### Work item:
For this exercise, retype each line of the material below verbatim and omit any picture.

(Beginning of Data extract)

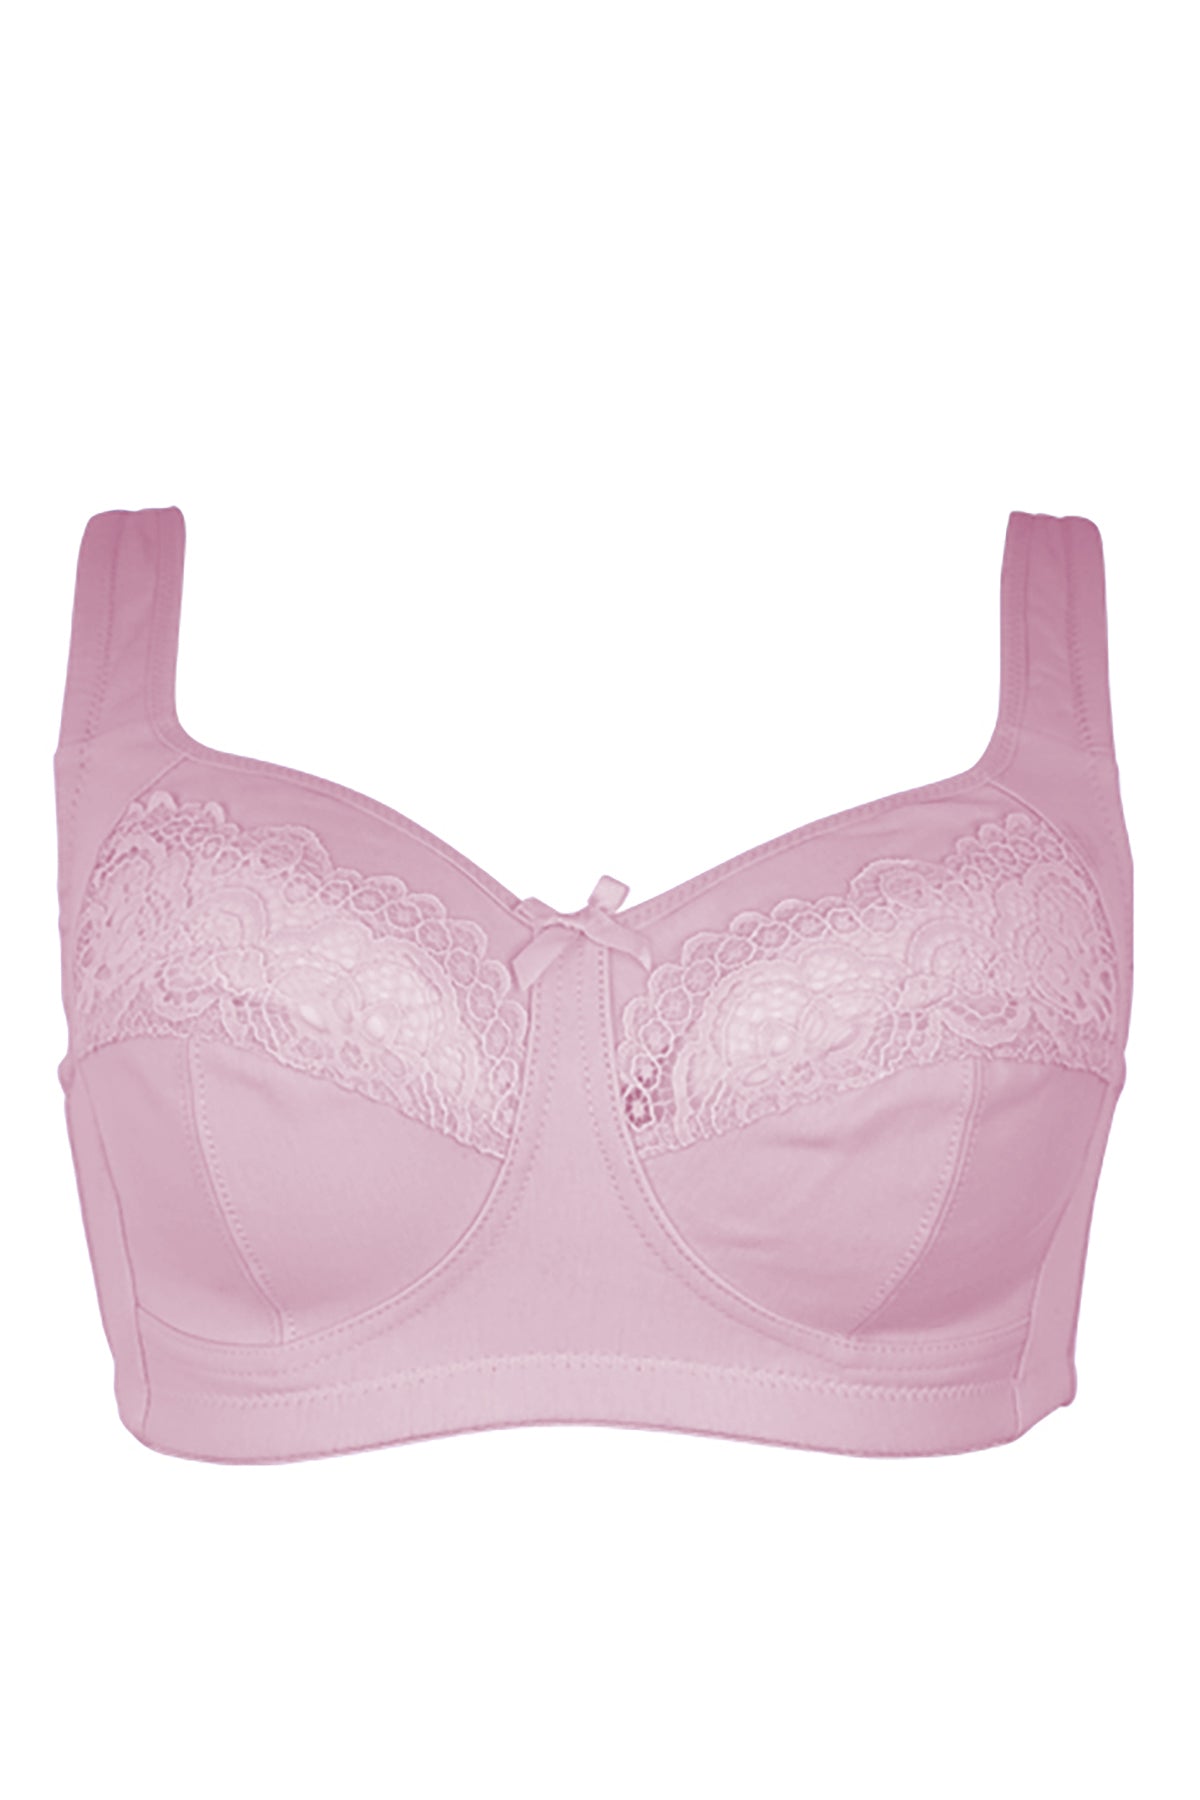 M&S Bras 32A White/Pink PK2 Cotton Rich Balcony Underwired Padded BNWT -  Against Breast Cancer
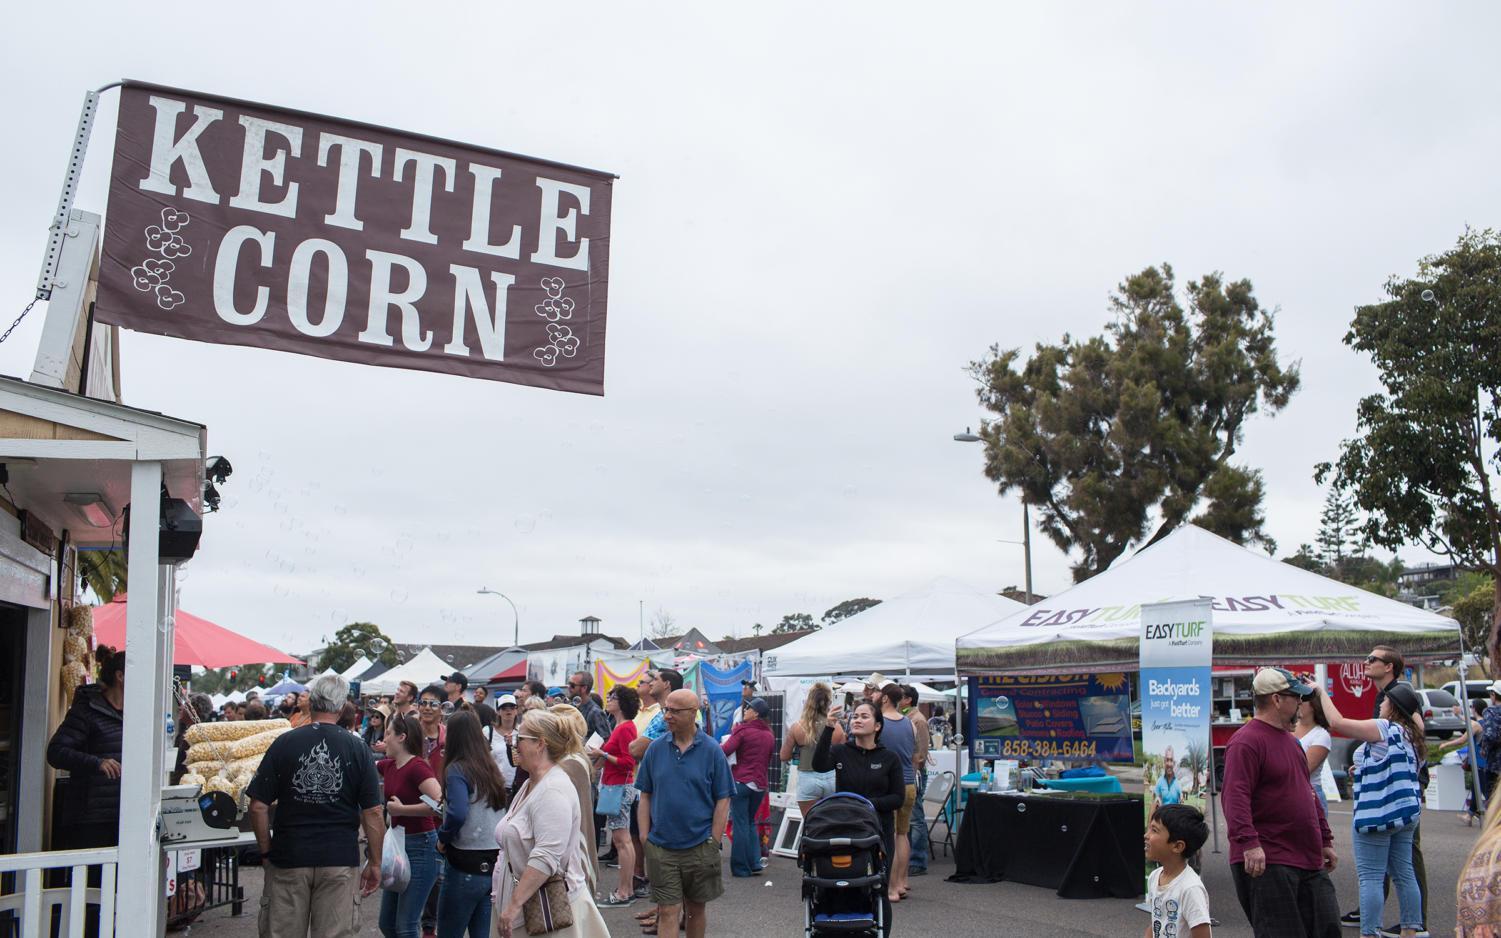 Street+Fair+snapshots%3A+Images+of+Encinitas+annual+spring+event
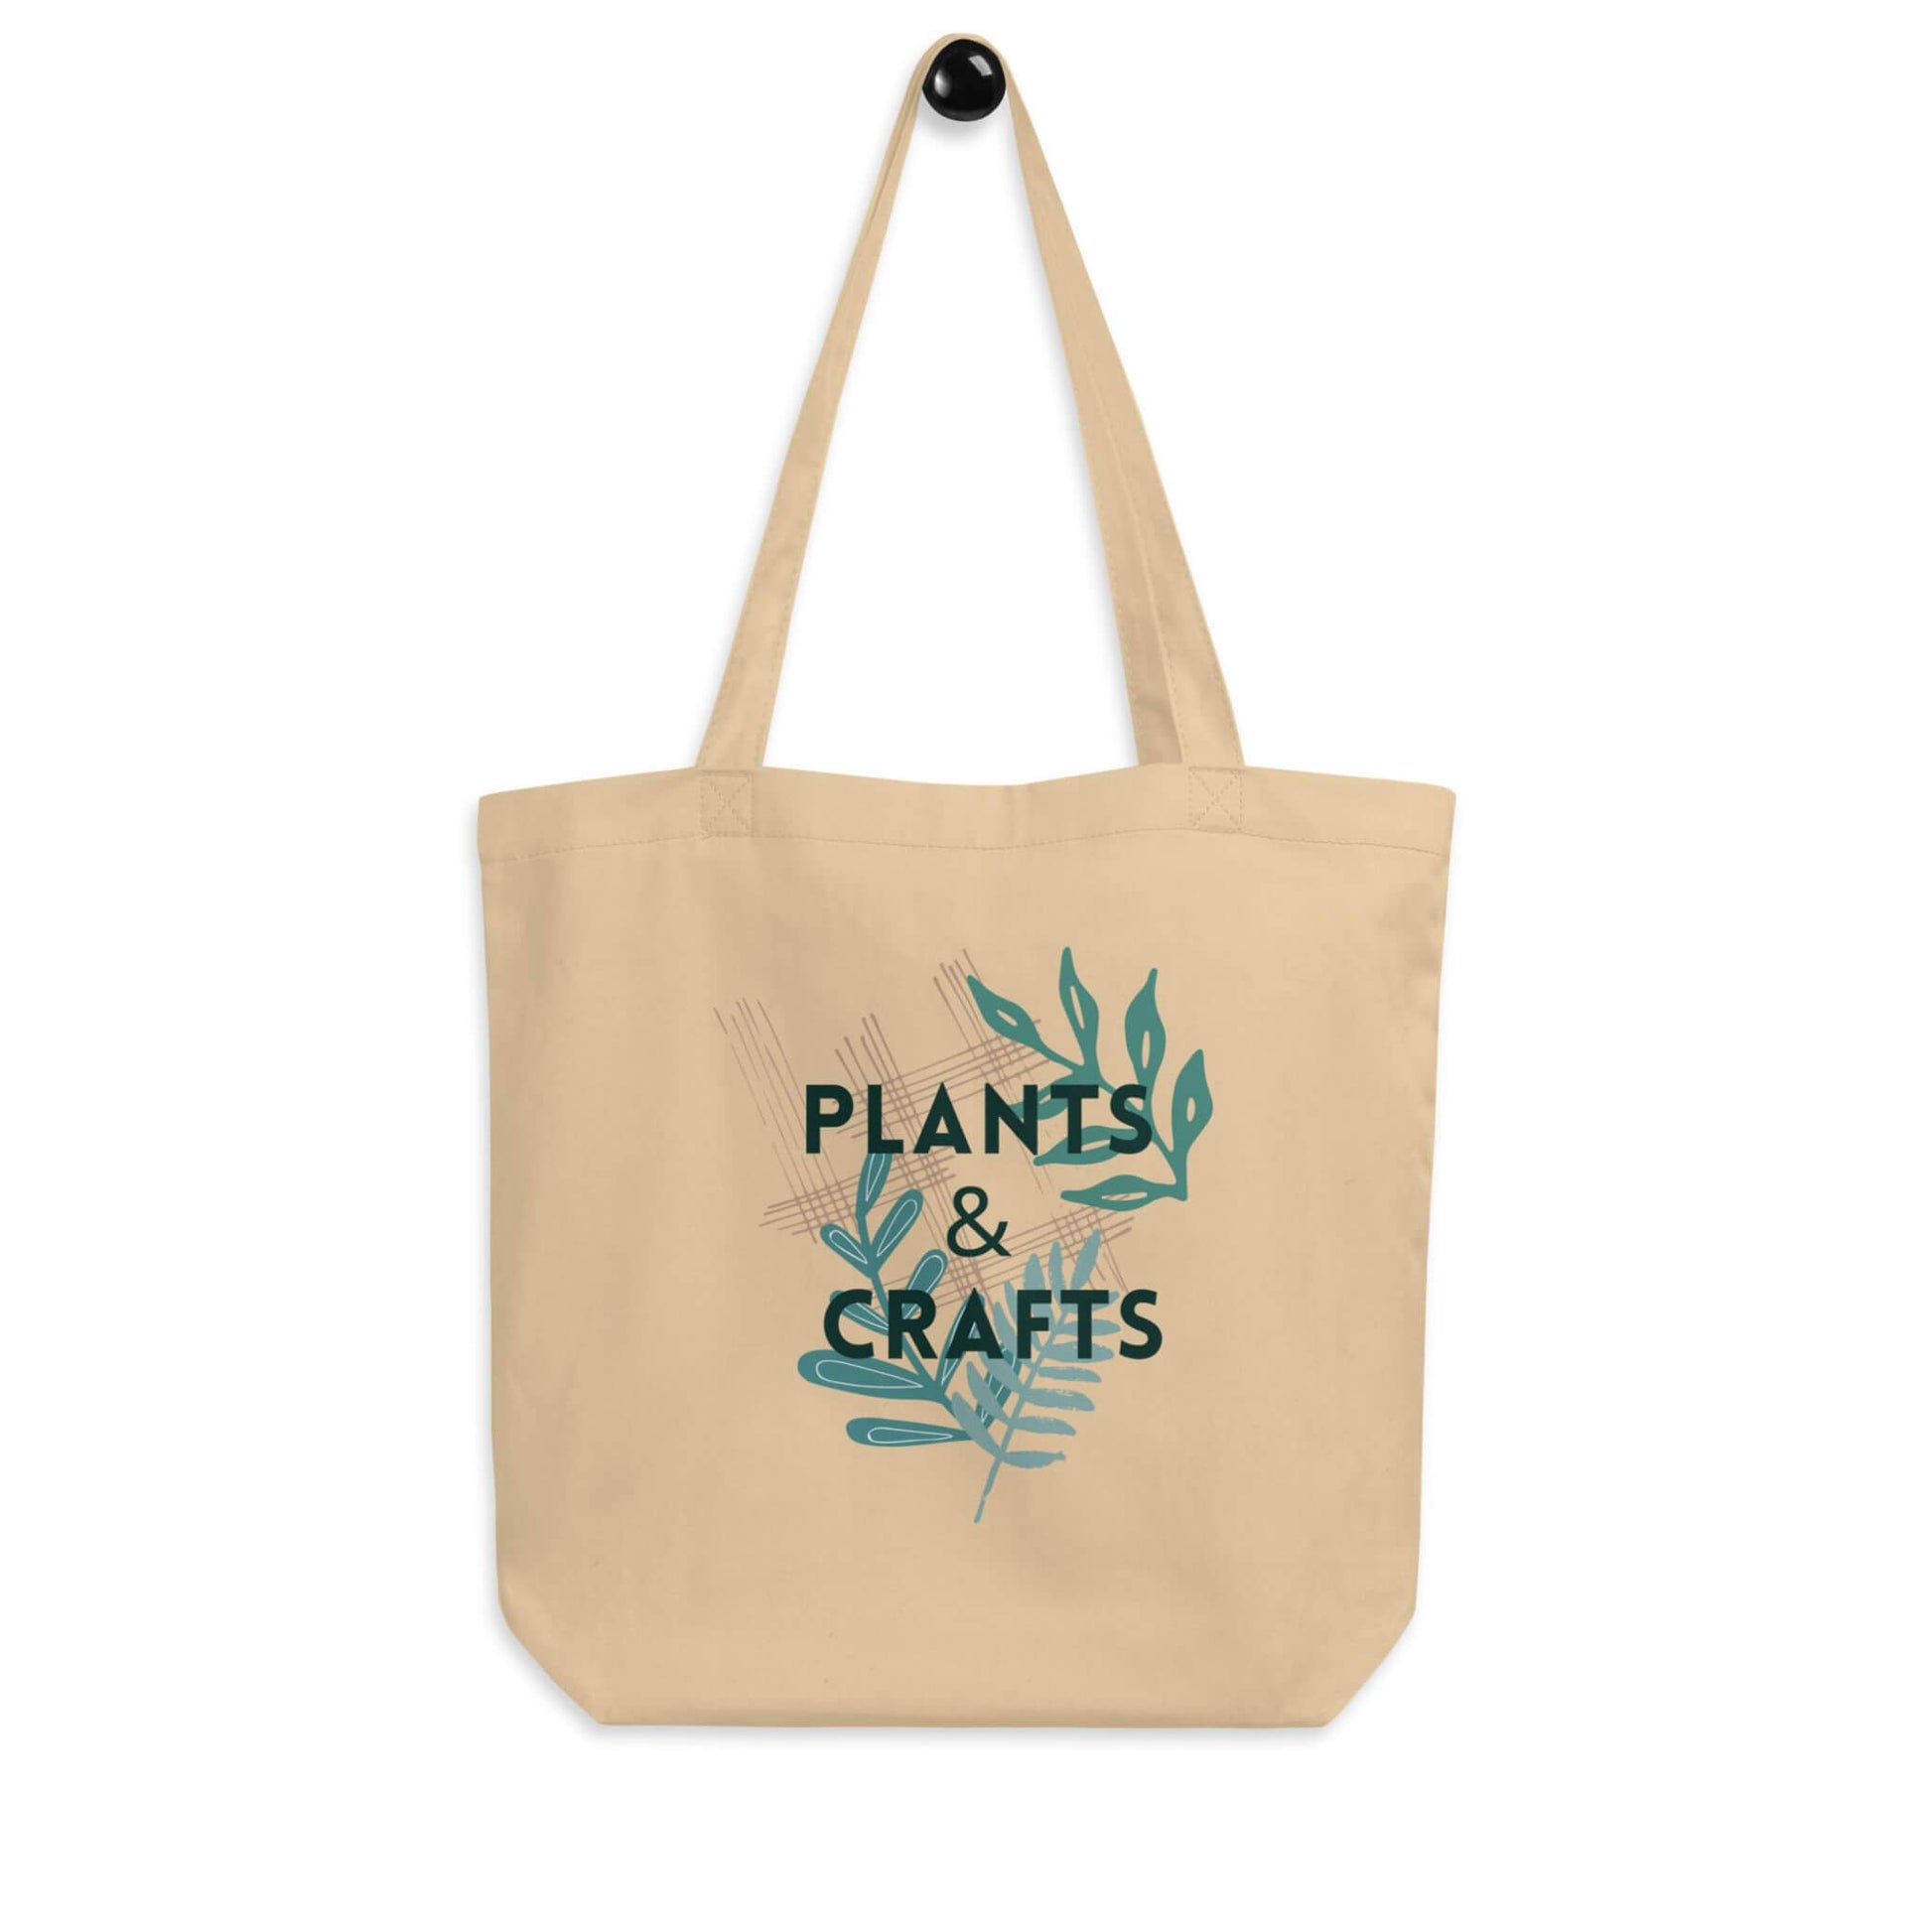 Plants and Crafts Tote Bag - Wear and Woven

(End of Data extract)

### Completed exercise:
 M&S Bras 32A White/Pink PK2 Cotton Rich Balcony Underwired Padded BNWT -  Against Breast Cancer
 Street+Fair+snapshots%3A+Images+of+Encinitas+annual+spring+event
 Plants and Crafts Tote Bag - Wear and Woven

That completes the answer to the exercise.